◆ The task
Every line of the listing is returned unchanged, and every picture is dropped.

◆ Collected material
★ ★ ★
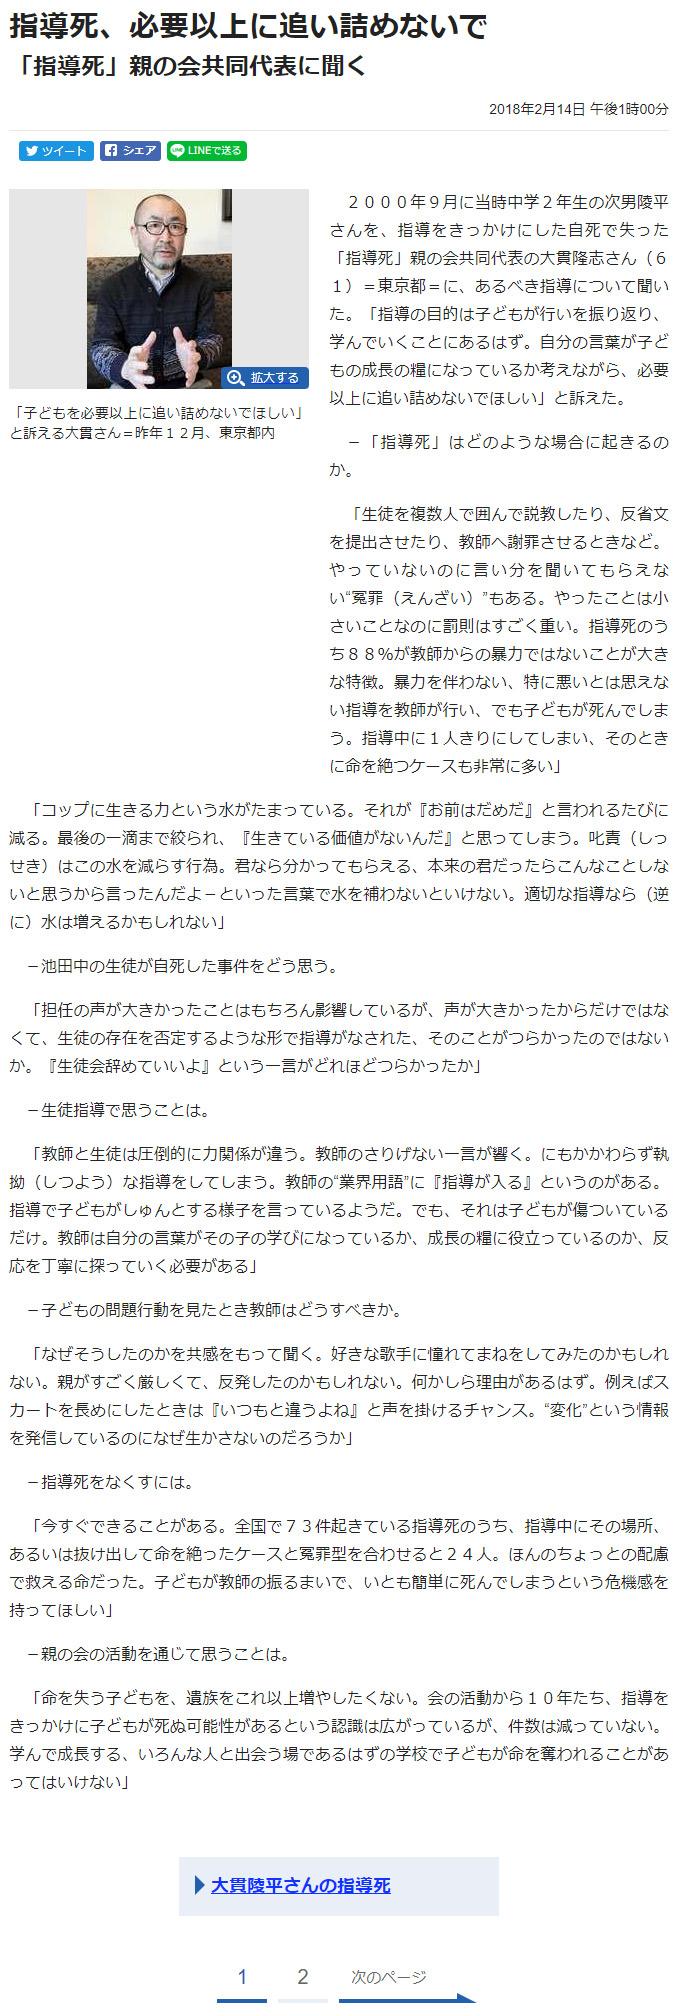 大貫隆志:福井新聞掲載、2018年2月14日「指導死、必要以上に追い詰めないで」
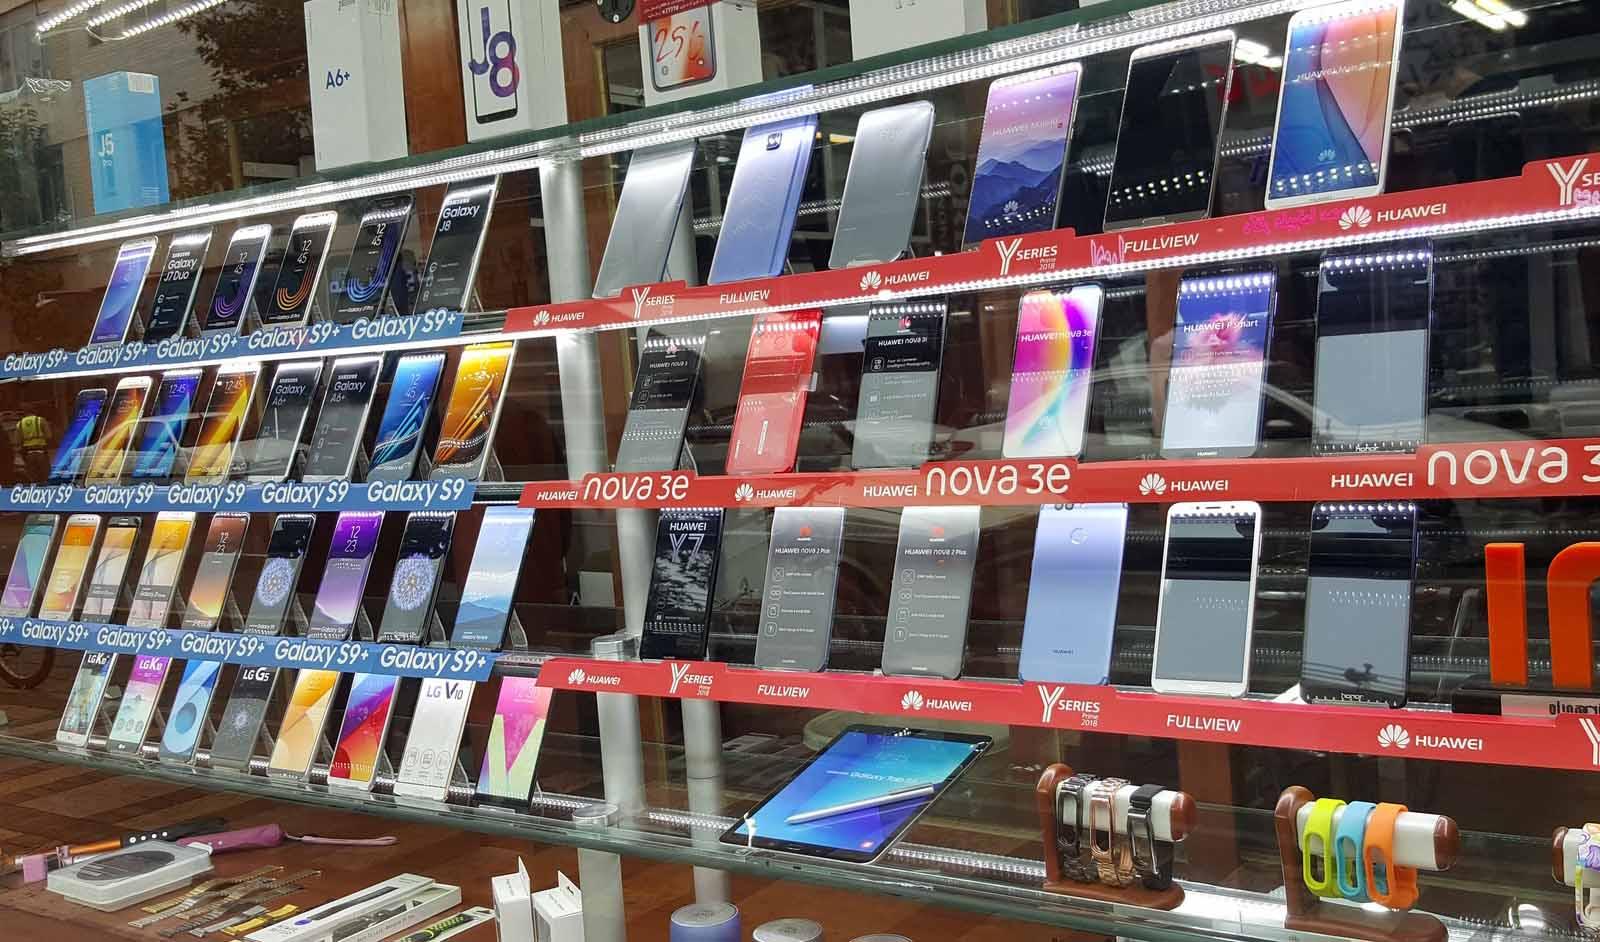 نوسان قیمت گوشی تلفن همراه در بازار/ جدول آخرین نرخها
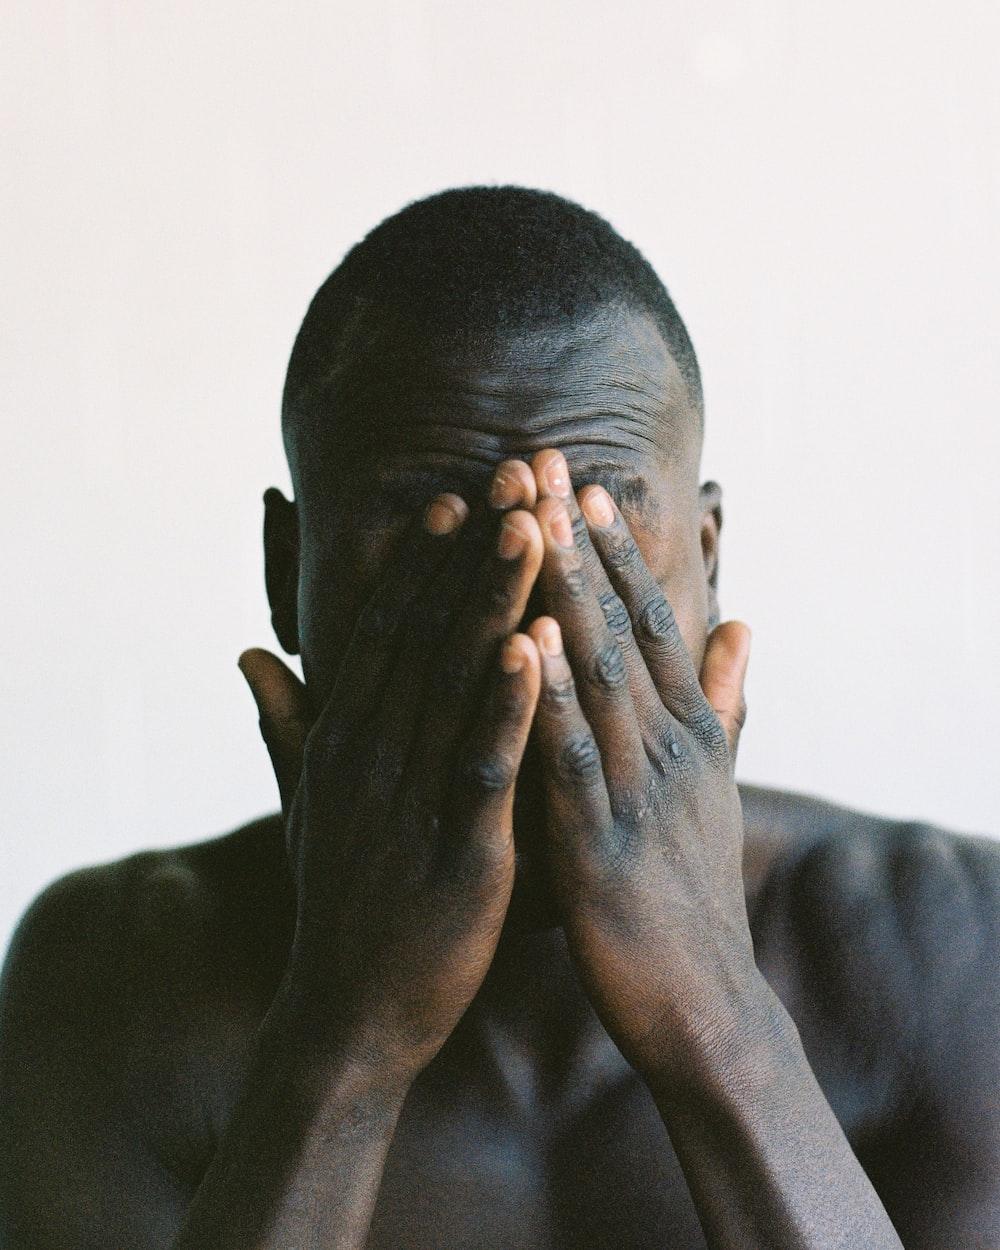 man face portrait
★ ★ ★
◆ Answer space
 大貫隆志:福井新聞掲載、2018年2月14日「指導死、必要以上に追い詰めないで」
 نوسان قیمت گوشی تلفن همراه در بازار/ جدول آخرین نرخها
 man face portrait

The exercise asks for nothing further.